I'm still a novice R user, but with the use of Seurat vignettes, Harvard Chan Bioinformatics tutorials, and OSCA, I've been able to learn quite a bit about single-cell analysis and can reasonably work my way from raw fastq files to cluster annotation. However, I'm struggling with going from a merged Seurat object (containing replicates from two conditions) to generating a DESeq2 object to perform DEG analysis across conditions (between specific clusters). I've been going through the following tutorial:
It's been excellent, but I don't think my understanding of base R is good enough to understand every step. I'm teaching myself more at this time, but is there a simpler way to get from a Seurat object to DESeq2 analysis? Or any example scripts anyone can provide? If so, I'd greatly appreciate it!
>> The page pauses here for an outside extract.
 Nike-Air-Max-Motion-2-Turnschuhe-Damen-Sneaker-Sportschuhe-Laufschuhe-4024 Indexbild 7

Part of the reason I want to do it this way rather than the FindMarkers() function is for processing time:
I agree that in my experience and from what I read from others pseudobulk appears to be more robust as summing cells eliminates sparseness of data and therefore (I think) makes fold change estimations more robust/meaningful. I use scuttle for the aggregation. Here is an example to get familiar which starts from a SingleCellExperiment. There is a conversion vignette to convert Seurat to SingleCellExperiment which is probably the easiest here.
library(scuttle)
#/ example data and some mock clusters:
set.seed(123)
sce <- mockSCE()
sce$Cluster <- sample(LETTERS[1:5], ncol(sce), replace=TRUE)
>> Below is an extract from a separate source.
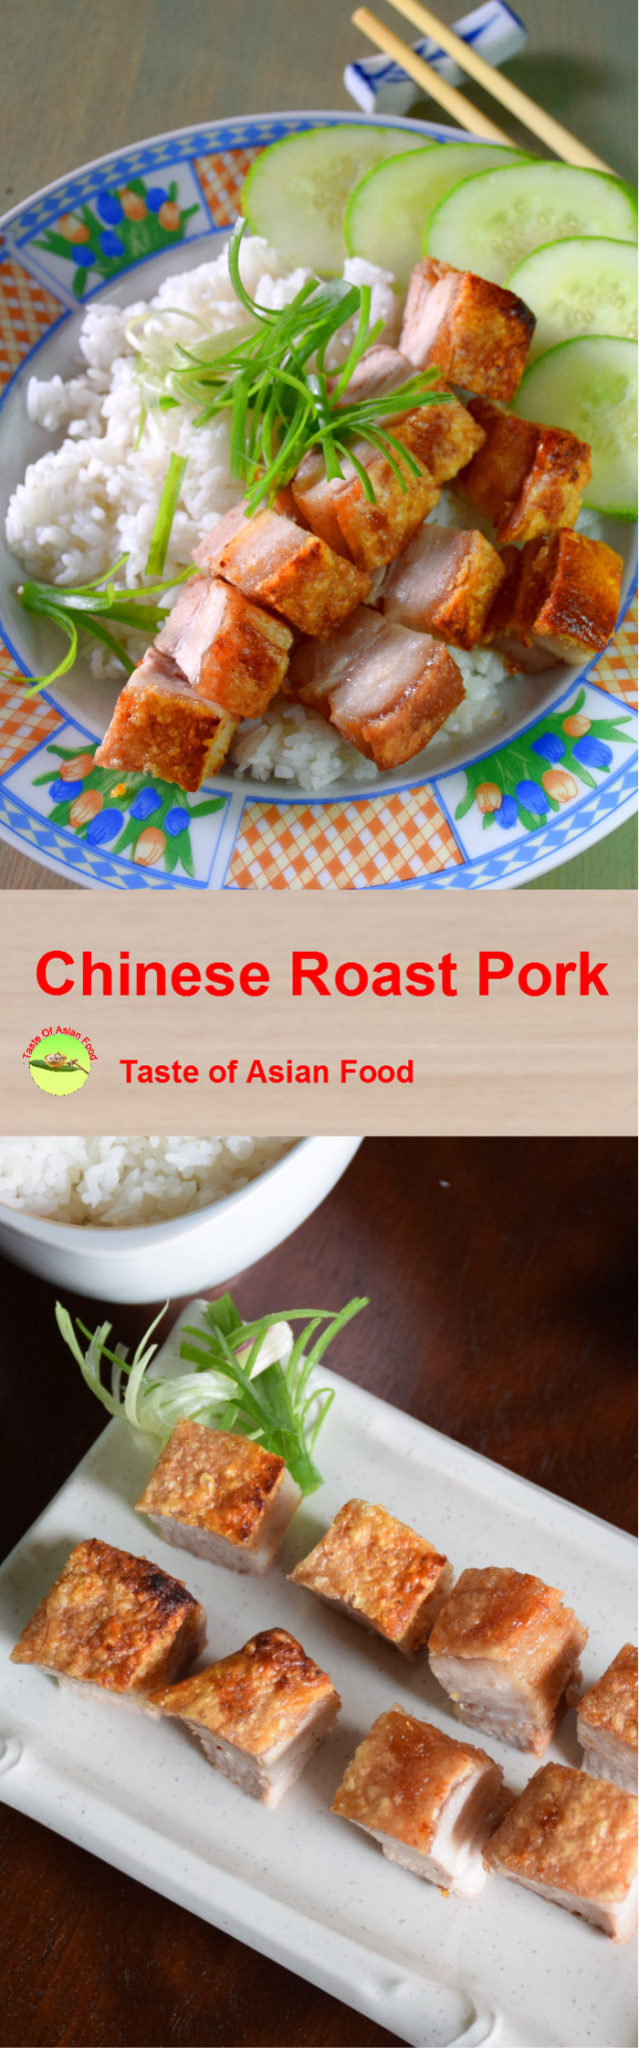 Chinese roast pork to pin

#/ we have several clusters and two treatments
colData(sce)
DataFrame with 200 rows and 4 columns
Mutation_Status Cell_Cycle Treatment Cluster
<character> <character> <character> <character>
Cell_001 negative S treat1 A
Cell_002 positive S treat1 D
Cell_003 negative G0 treat2 D
Cell_004 negative G1 treat2 A
Cell_005 positive G2M treat1 D
... ... ... ... ...
Cell_196 positive G0 treat2 D
Cell_197 negative G2M treat1 E
Cell_198 negative S treat1 C
Cell_199 negative G2M treat1 A
Cell_200 negative G1 treat1 B
#/ aggregate by cluster and treatment:
sum_by <-
c("Cluster", "Treatment")
summed <-
aggregateAcrossCells(sce, id=colData(sce)[,sum_by])
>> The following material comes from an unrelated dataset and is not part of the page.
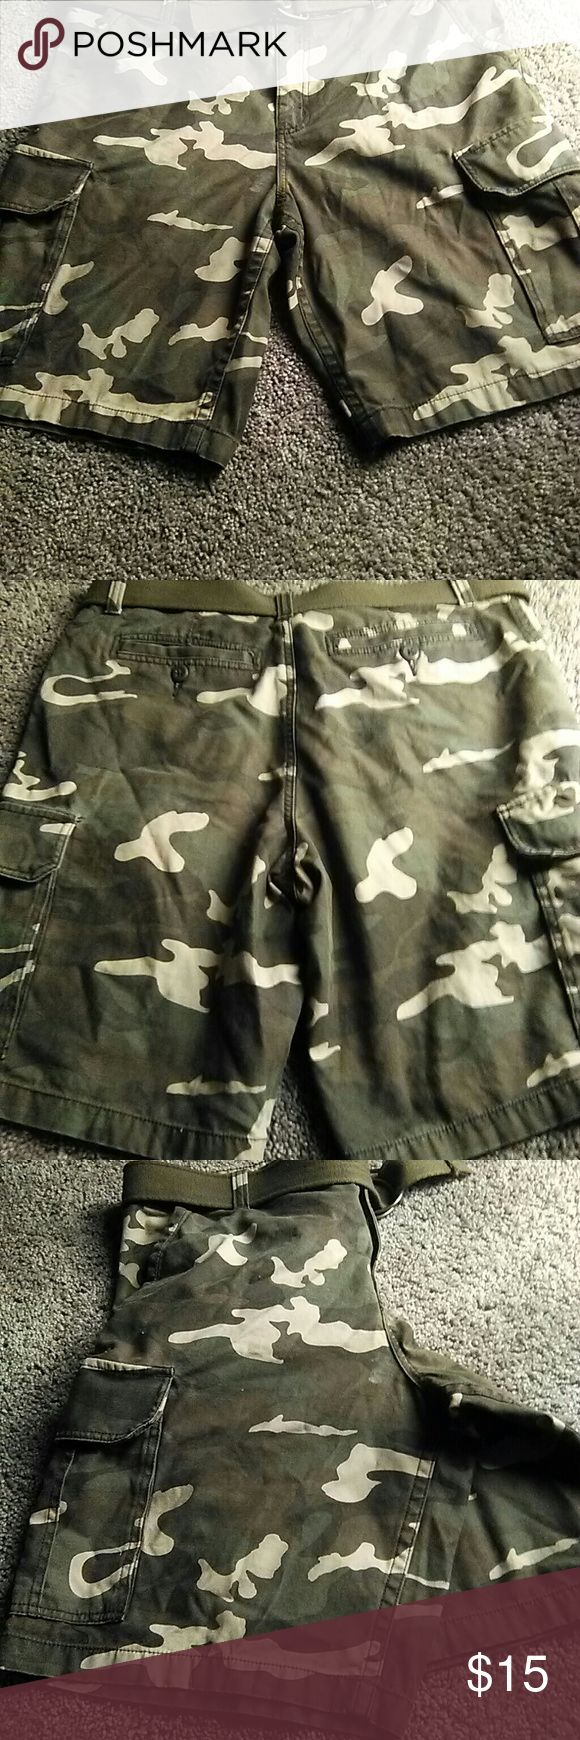 Mens camo shorts Army fatigue men's short, spring wear at a reasonable price American Apparel Shorts

#/ add rownames using the information from the colData:
colnames(summed) <-
apply(colData(summed)[,sum_by], 1, function(x) paste(x, collapse="_"))
head(assay(summed, "counts"))
A_treat1 A_treat2 B_treat1 B_treat2 C_treat1 C_treat2 D_treat1 D_treat2
Gene_0001 218 695 667 384 383 512 809 307
Gene_0002 7029 7228 7088 6638 4355 7605 8013 5978
Gene_0003 251 354 254 68 209 612 389 106
Gene_0004 7586 5130 4950 3904 2640 4528 11968 10401
Gene_0005 19564 13940 10152 17015 10612 15363 18375 19609
Gene_0006 6024 3261 6874 4347 1411 3848 4875 2932
E_treat1 E_treat2
Gene_0001 319 803
Gene_0002 7151 7435
Gene_0003 168 301
Gene_0004 7263 7271
Gene_0005 14327 10150
Gene_0006 6739 4977
This is now a SummarizedExperiment with the raw pseudobulk counts that can go into DESeq2.
For a matrix of raw counts rather than the SummarizedExperiments use:
Do you want to run a pseudobulk analysis or treat each single cell as a replicate?
Pseudobulk analysis. For example, I have 10 samples - 5 control and 5 disease, with approx. 5000 to 8000 cells per sample.
Everything I've learned/read about single-cell analysis so far says that we should not be treating each cell as a replicate.